Namun kali ini, ketika ia keluar dari ujung gang, ia seakan masuk ke sarang laba-laba raksasa—di luar gang dipenuhi jaring laba-laba putih yang kokoh, terpasang di empat bangunan sekitarnya, hampir seratus jaring yang membentuk perangkap raksasa!

Jika Abominasi dalam keadaan normal, mungkin ia tak akan terjebak, tapi kini, dalam kepungan amarah, ia langsung menerjang perangkap jaring itu.

“Sekarang!”

Seperti yang dipikirkan Shinian dari atas gereja, Gwen yang menempel di dinding tinggi dengan cepat menembakkan jaring dari kedua pergelangan tangannya. Jaring-jaring itu menempel di kepala dan anggota badan Abominasi, seperti rantai besi, ujungnya dipasang di dinding bangunan sekitarnya.

Dalam waktu lima detik.

Abominasi hampir sepenuhnya terbungkus jaring, wajah dan mulutnya juga tertutup, ia terpaku menjadi satu dengan bangunan di sekitarnya!

“Hebat, aku benar-benar meremehkan dia,” bisik Shinian dalam hati, kagum.

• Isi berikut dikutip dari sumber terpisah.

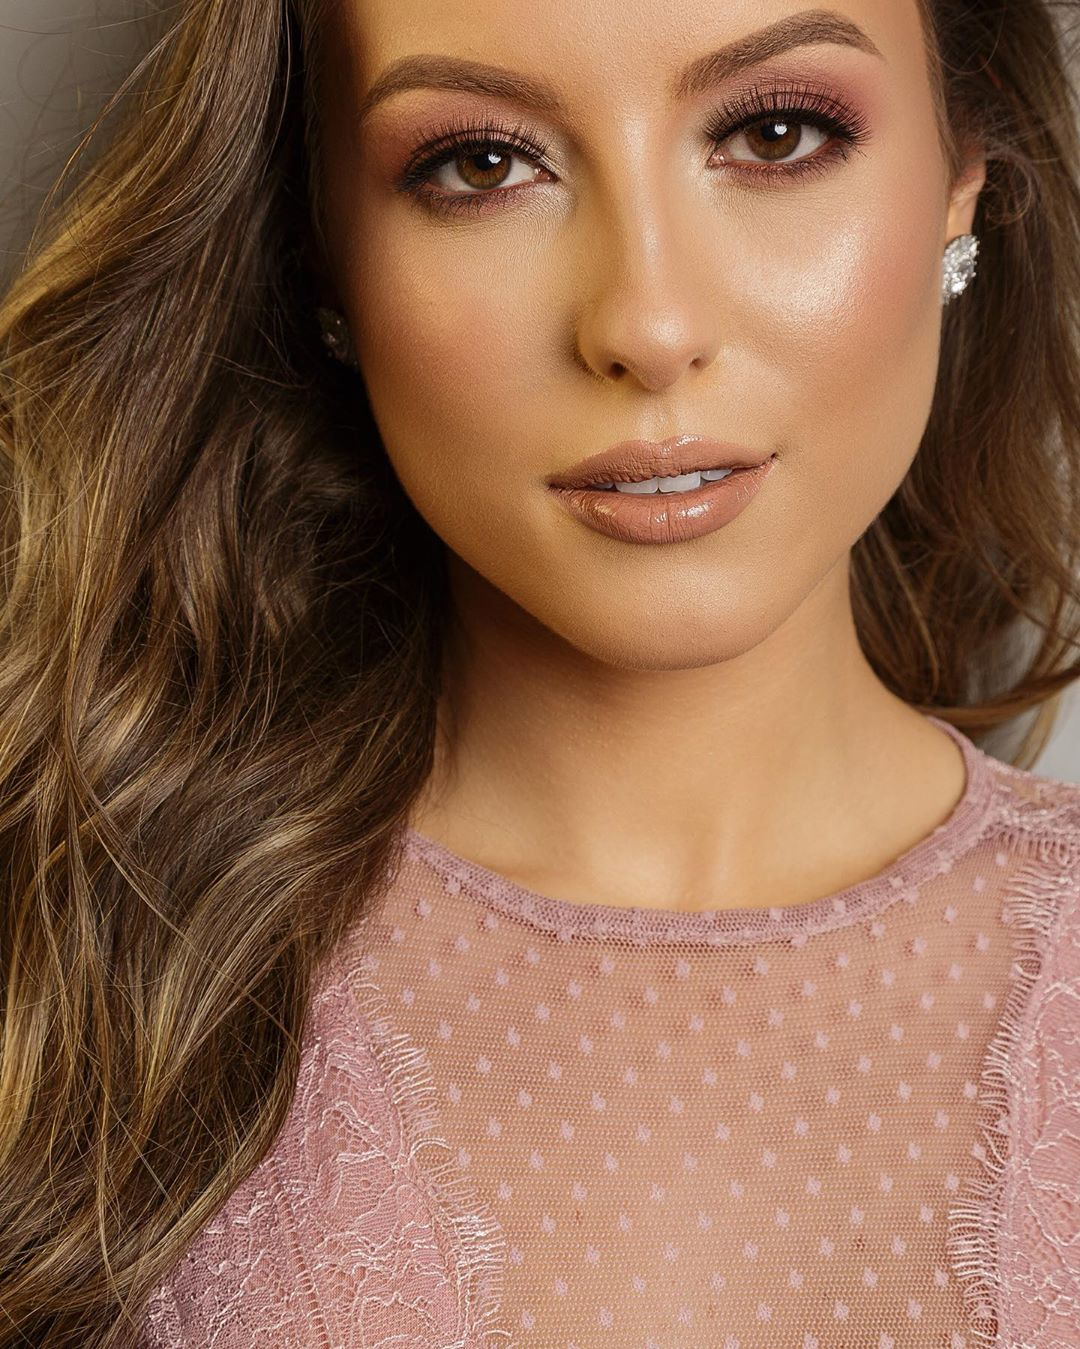 cristine boff sartor, segunda finalista de miss latinoamerica 2019. - Página 6 66487610

Setelah jaringnya hampir habis, Gwen menghela napas lega, duduk kelelahan di dinding luar yang tinggi.

Mungkin karena tak ada orang di sekitar, ia menarik sedikit penutup kepala laba-labanya, memperlihatkan dagu halus yang cantik, mulut kecil yang terengah-engah, dan hidung mungil yang mancung.

“Tidak mungkin...” Shinian tiba-tiba terkejut.

Meski hanya separuh wajahnya yang terlihat, Gwen Sang Gadis Laba-Laba sangat mirip dengan seseorang yang dikenalnya!